Some words I wrote one May evening:
“Yesterday’s walk was just after the rain and there were little tiny beads of moisture on all the leaves and flowers. The cow parsley is now about knee high and peppered with buttercups and occasional clover. The sky was still dark grey with indecisive rain but the late-evening glow from behind the clouds gave everything a slightly peachy hue. I had the place to myself as everyone else clearly had somewhere more important to be on a Saturday night. I couldn’t think of anywhere more important than revelling in nature: you can practically see it growing at this time of year. Around 8pm the sun had dropped enough and found a way through the low-lying clouds. It backlit everything in its path with rusty warmth, turning the droplets into diamonds. My nose was alive to the multiple aromas emanating from the dense undergrowth and my ears in awe of the surround-sound philharmonia of birdsong. I thought about human history and how pretty much every previous generation would’ve known how to read all these signs. In the absolute stillness I could believe fairies existed.”

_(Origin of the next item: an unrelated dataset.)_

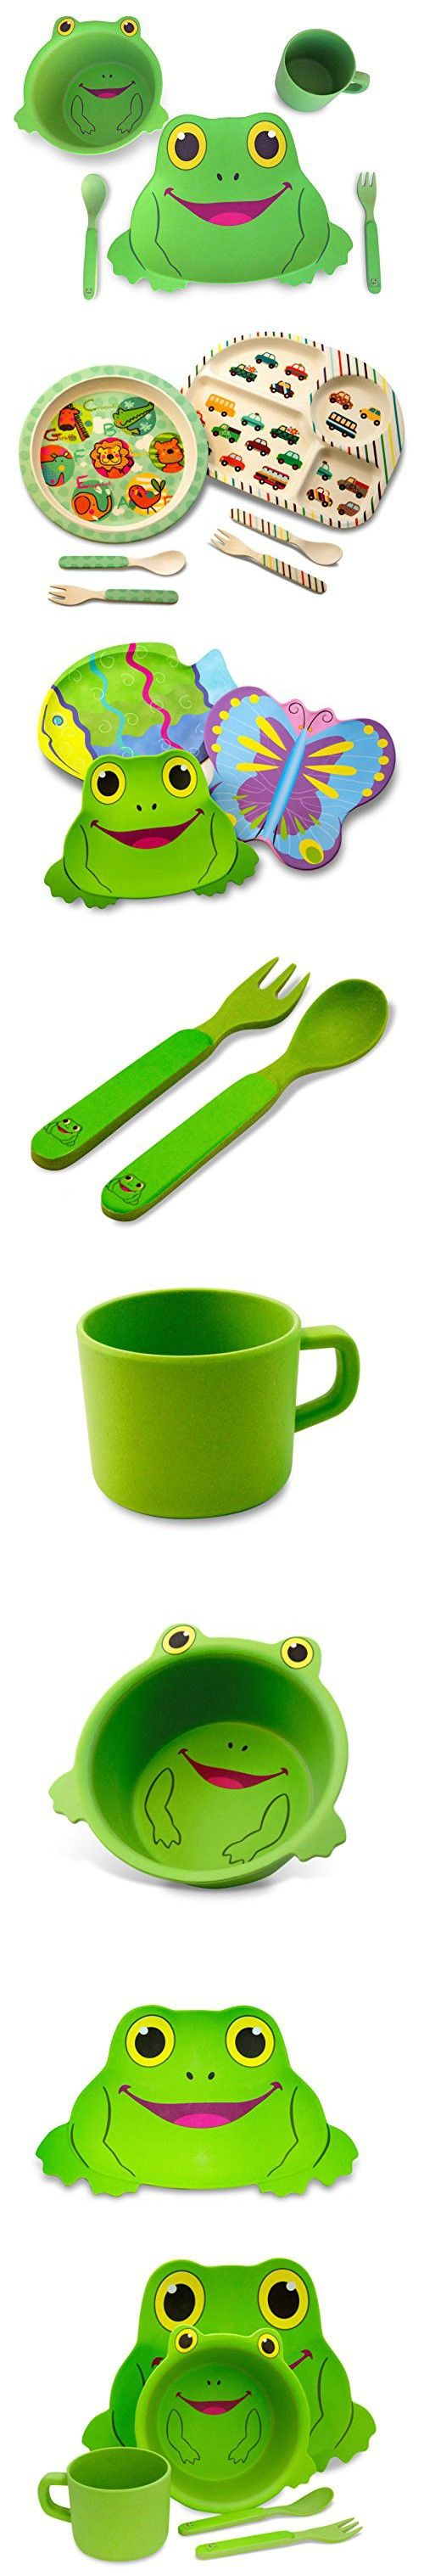 Culina Kids Bamboo 5-piece Dinnerware Set - Frog  sc 1 st  Pinterest & Culina Kids Bamboo 5-piece Dinnerware Set - Frog | Dinnerware and ...

It was a truly magical place.
The River Lea is a major tributary of the Thames, and it’s an important city artery for those who live and travel by boat (or, indeed, those who don’t but cycle down the towpath). It’s looked after by the Canal and River Trust and the Environment Agency, as well as boaters’ collectives – and is well loved by many of those who use it – but that doesn’t mean errant litter doesn’t make its way into the water.
As I cycle along the River Lea on grey winter days, I notice colourful, redundant objects bobbing among the pondweed and saw something of Millais’ Ophelia about it. The pond weed, along with autumnal leaf litter and other organic detritus, is often cleared from rivers for tidiness and cleanliness but many environmentalists will argue that this isn’t a good thing; organic matter can halt the flow of water which helps reduce flood risk, plus it’s also an important part of the food chain that keeps the ecosystem healthy and functioning. I quite liked the side-by-side juxtaposition of the human detritus and nature’s detritus and set about capturing it on my long cycles into the city.
The title of this project comes from a 1996 album by Tortoise*. I’d always thought it quite a sinister phrase, tinged with eternal damnation in an already full planet. It turns out they took it from a series of talks from key Jehovah’s Witness texts that proclaim the coming resurrection – scheduled for 1925 – of several bible characters. Read in this context, the phrase seems full of joyous religious zeal and the promise of heavenly eternal life on earth. This dualistic reading somehow seems fitting for the commingling of endless detritus, whether it be organic matter decomposing into another form or brightly coloured shards of useless rubbish that has no inner properties with which to reform itself into something useful.
*Also, coincidentally, the last track on the album is called Along the Banks of Rivers.